Thursday, June 09, 2011
LEAVE IT TO THE PROFESSIONALS
Get ready for some over-sharing today here on Peon Confidential.
Because I just learned something the hard way.
There are two things you should never try to do yourself:
One is electrical wiring and the other is bikini waxing.
But let's focus on the second thing.
So there I was at the Duane Reade, wandering around, reading trashy magazines, trying to figure out which chocolate bar was the least fattening and making a nuisance of myself when the Sally Hansen bikini waxing kit caught my eye. It seemed foolproof. Maybe even fun! And I thought to myself, I'm no DIY novice. I've hung wallpaper. I've painted the bathroom. I can do this. And how could a product with a comforting name like Sally Hansen steer me wrong? Yeah. Sally Hansen. She's the woman in the next cubicle who always has an extra stick of gum and sneaks off to have a cigarette after lunch, spraying herself with cheap perfume afterwards to cover up the smell of smoke.
I guess I'd forgotten that names can be misleading.
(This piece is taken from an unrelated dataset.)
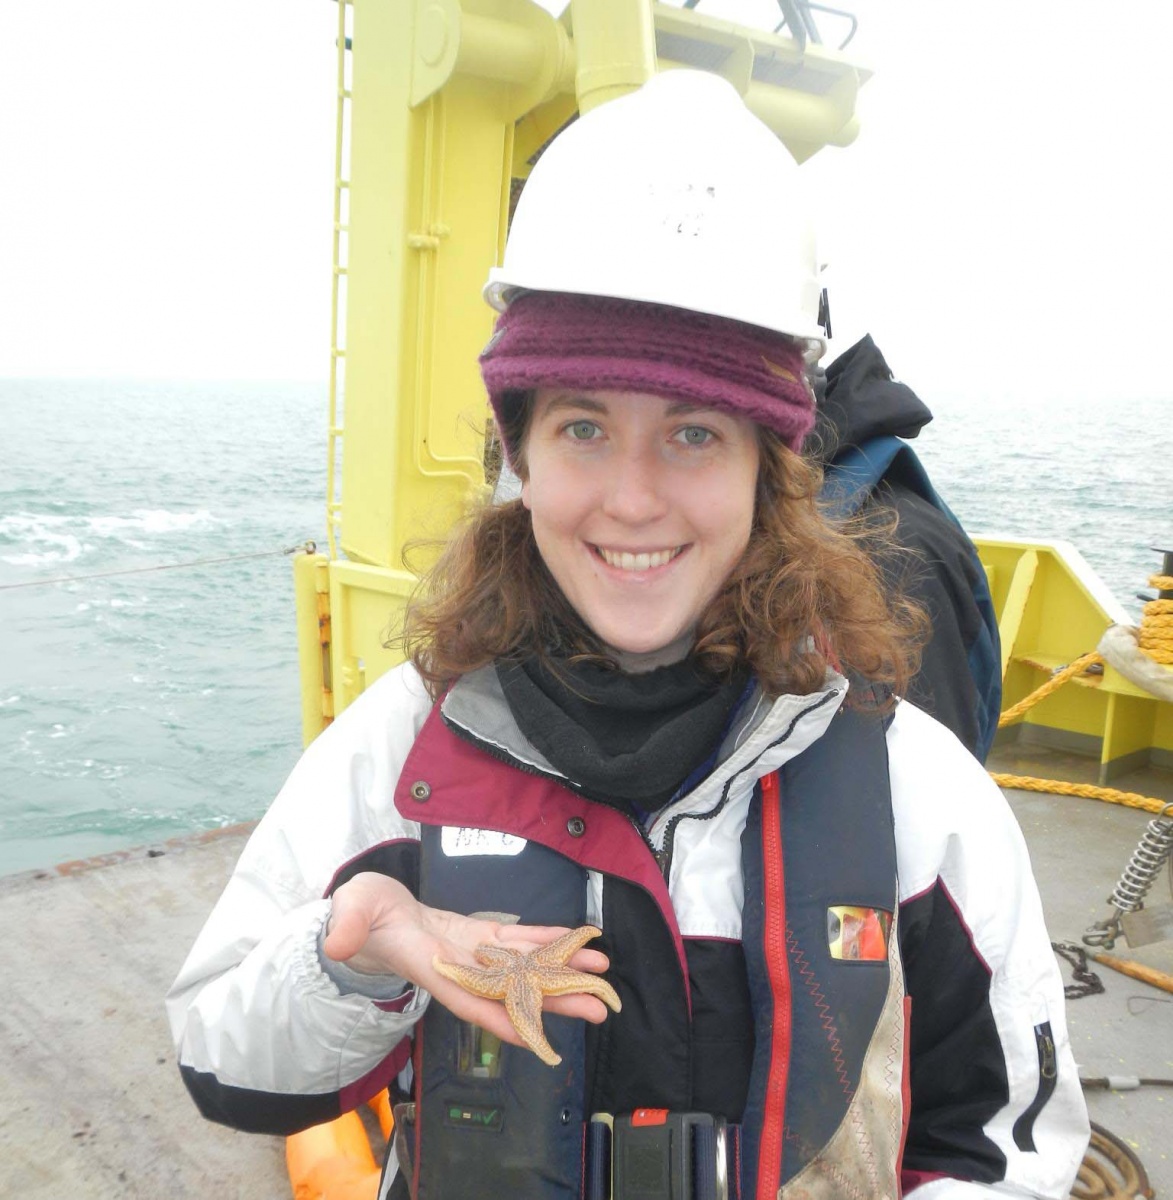 Woman on research vessel wears a hardhat and smiles while holding a seastar.

Look at Sallie Mae and Fannie Mae. They sound like a couple of Baptist sisters who might offer you some pink lemonade on a lazy summer afternoon.
I took Sally home with me and...let's just say this wasn't like other DIY projects. This was no wallpaper situation. It looks like a fucking warzone down there. No joke--it actually looks like Afghanistan. You know, bare but with a few scraggly tufts here and there. Like this:
My take on this sad affair? Sally Hansen is a Pussy Assassin.
Yeah. I know. I'm squandering my 1st Amendment rights by writing this stupid shit. But you needed a break from Weinergate, didn't you?